14.7 Comparison of models (champion-challenger analysis)

The techniques for explaining and exploring models have many applications. One of them is the opportunity to compare models.

There are situations when we may be interested in the “champion-challenger” analysis. Let us assume that some institution uses a predictive model, but wants to know if it could get a better model using other modeling techniques. For example, the risk department in a bank may be using logistic regression to assess credit risk. The model may perform satisfactorily and, hence, be considered as the “champion,” i.e., the best model in the class of logistic-regression models.

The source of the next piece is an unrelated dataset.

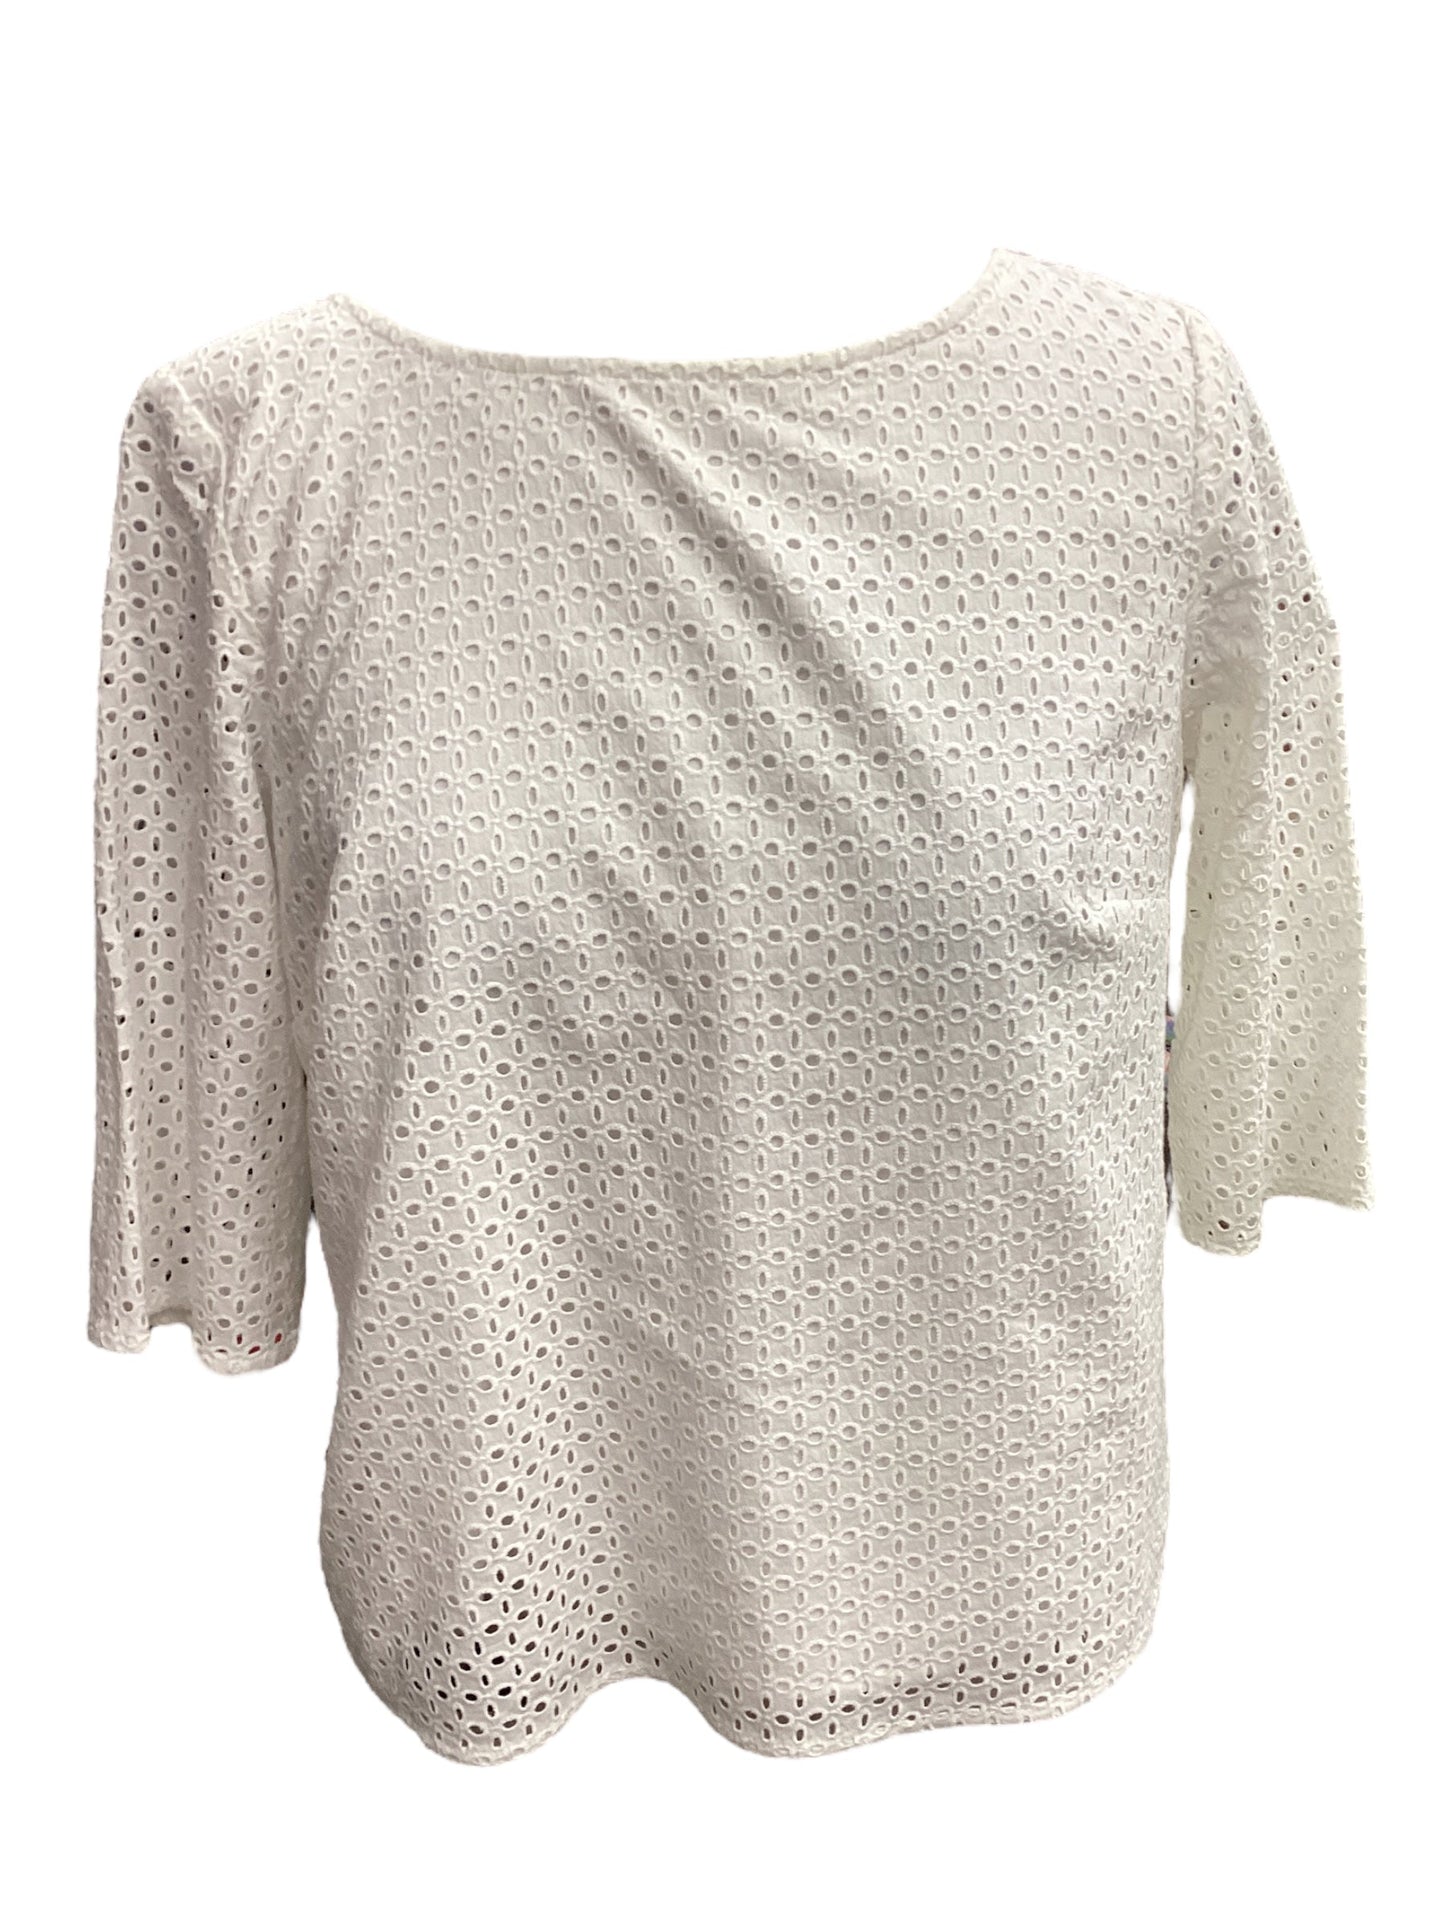 White Top 3/4 Sleeve Clothes Mentor, Size M
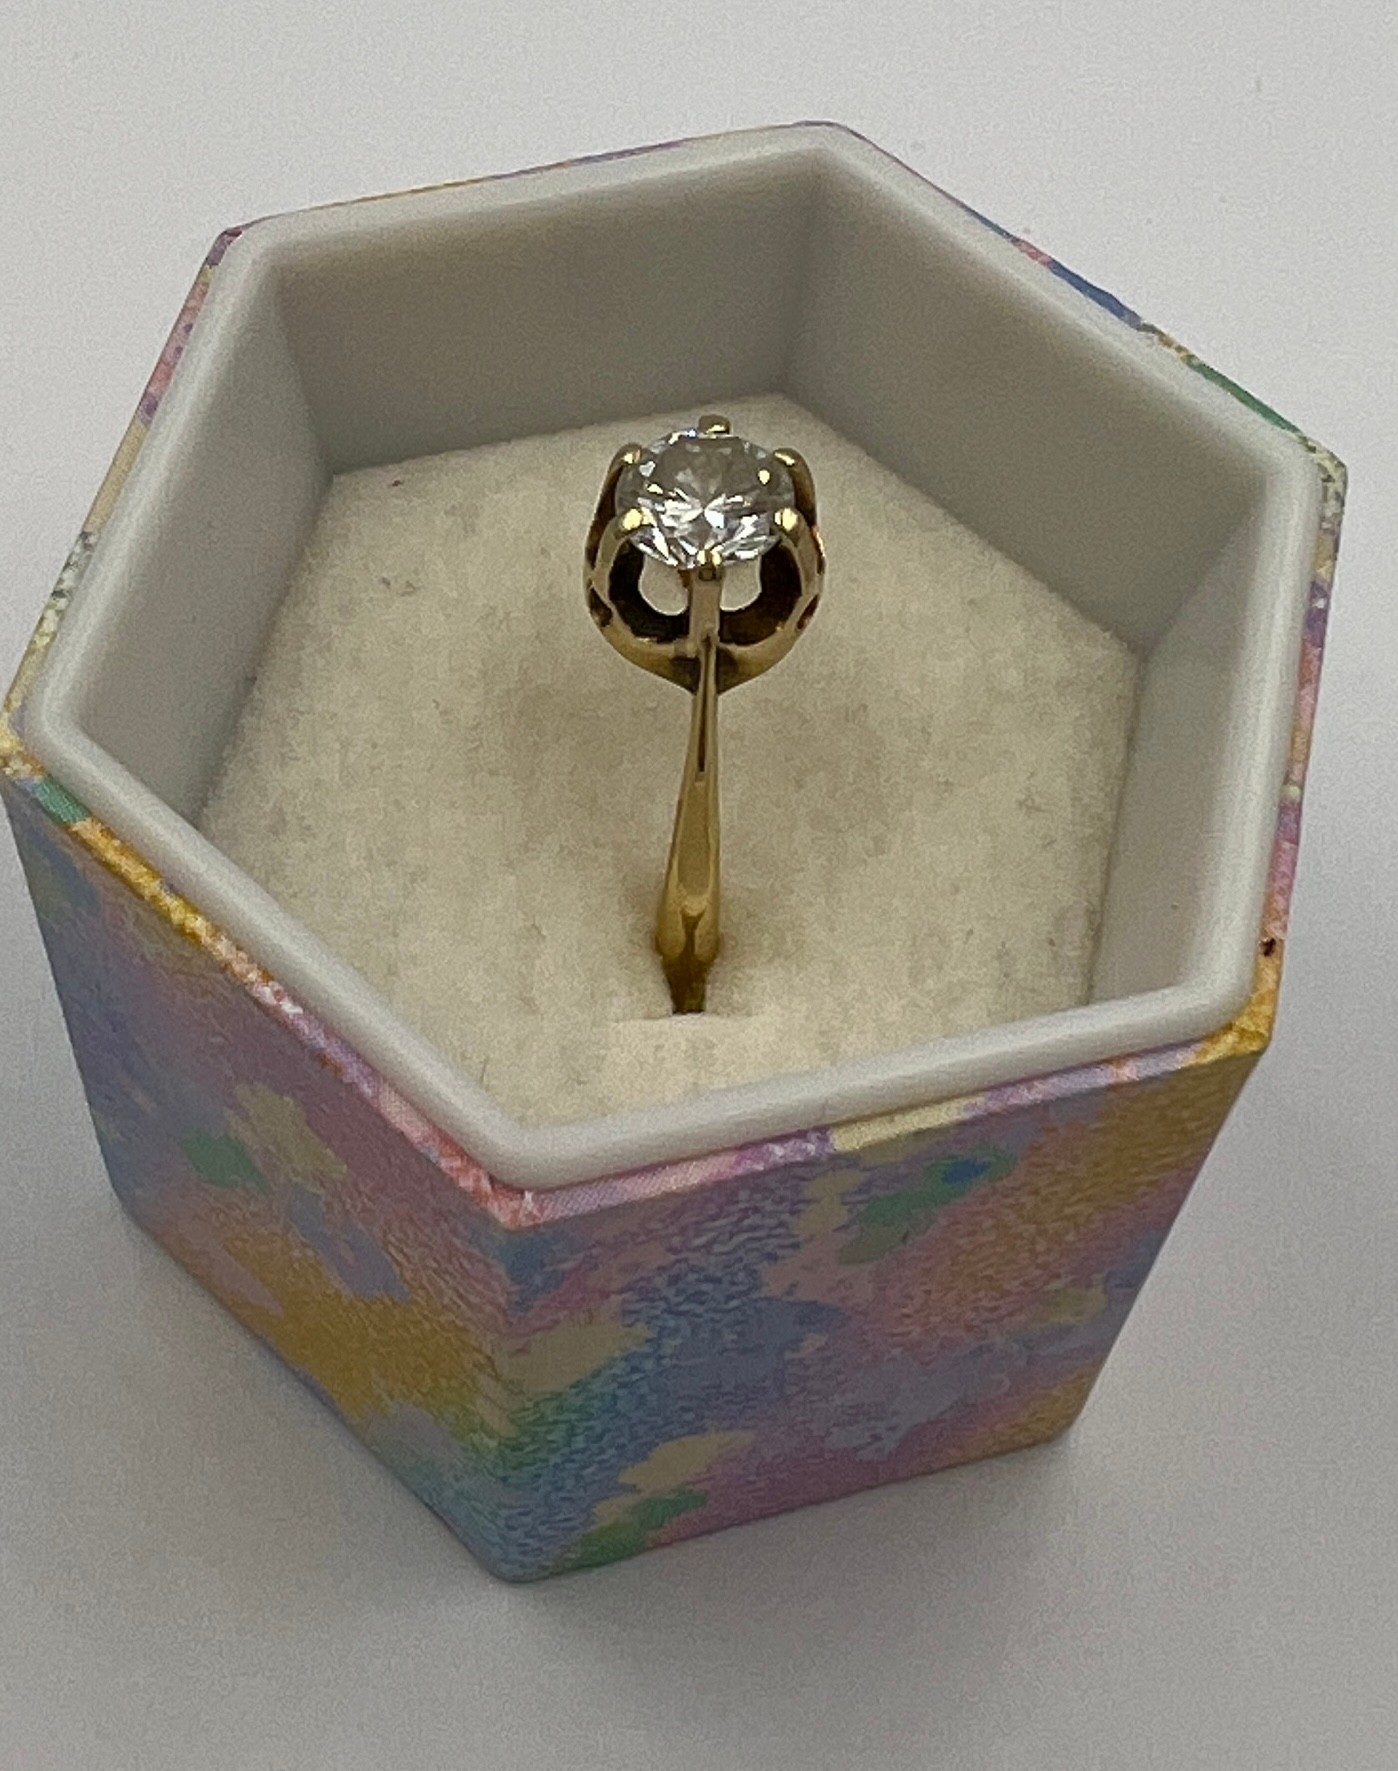 A solitaire diamond ring, 0.84ct approx, set in 18 carat yellow gold. Size J. Weight 2.9gm. - Image 3 of 4

However, the department may be interested in checking whether a “challenger,” i.e., a more complex model developed by using, for instance, boosting or random trees, will not perform better. And if it is performing better, the question of interest is: how does the challenger differ from the champion?

Another reason why we may want to compare models is the fact that the modelling process is iterative itself (see Section 2.2). During the process many versions of models are created, often with different structures, and sometimes with a very similar performance. Comparative analysis allows for better understanding of how these models differ from each other.

Below we present an example of a comparative analysis for the logistic-regression model titanic_lmr (Section 5.2.1), random-forest model titanic_rf (Section 5.2.2), boosting model of titanic_gbm (Section 5.2.3), and support-vector machine (SVM) model titanic_svm (Section 5.2.4). We consider Johnny D (see Section 5.2.5) as the instance of interest.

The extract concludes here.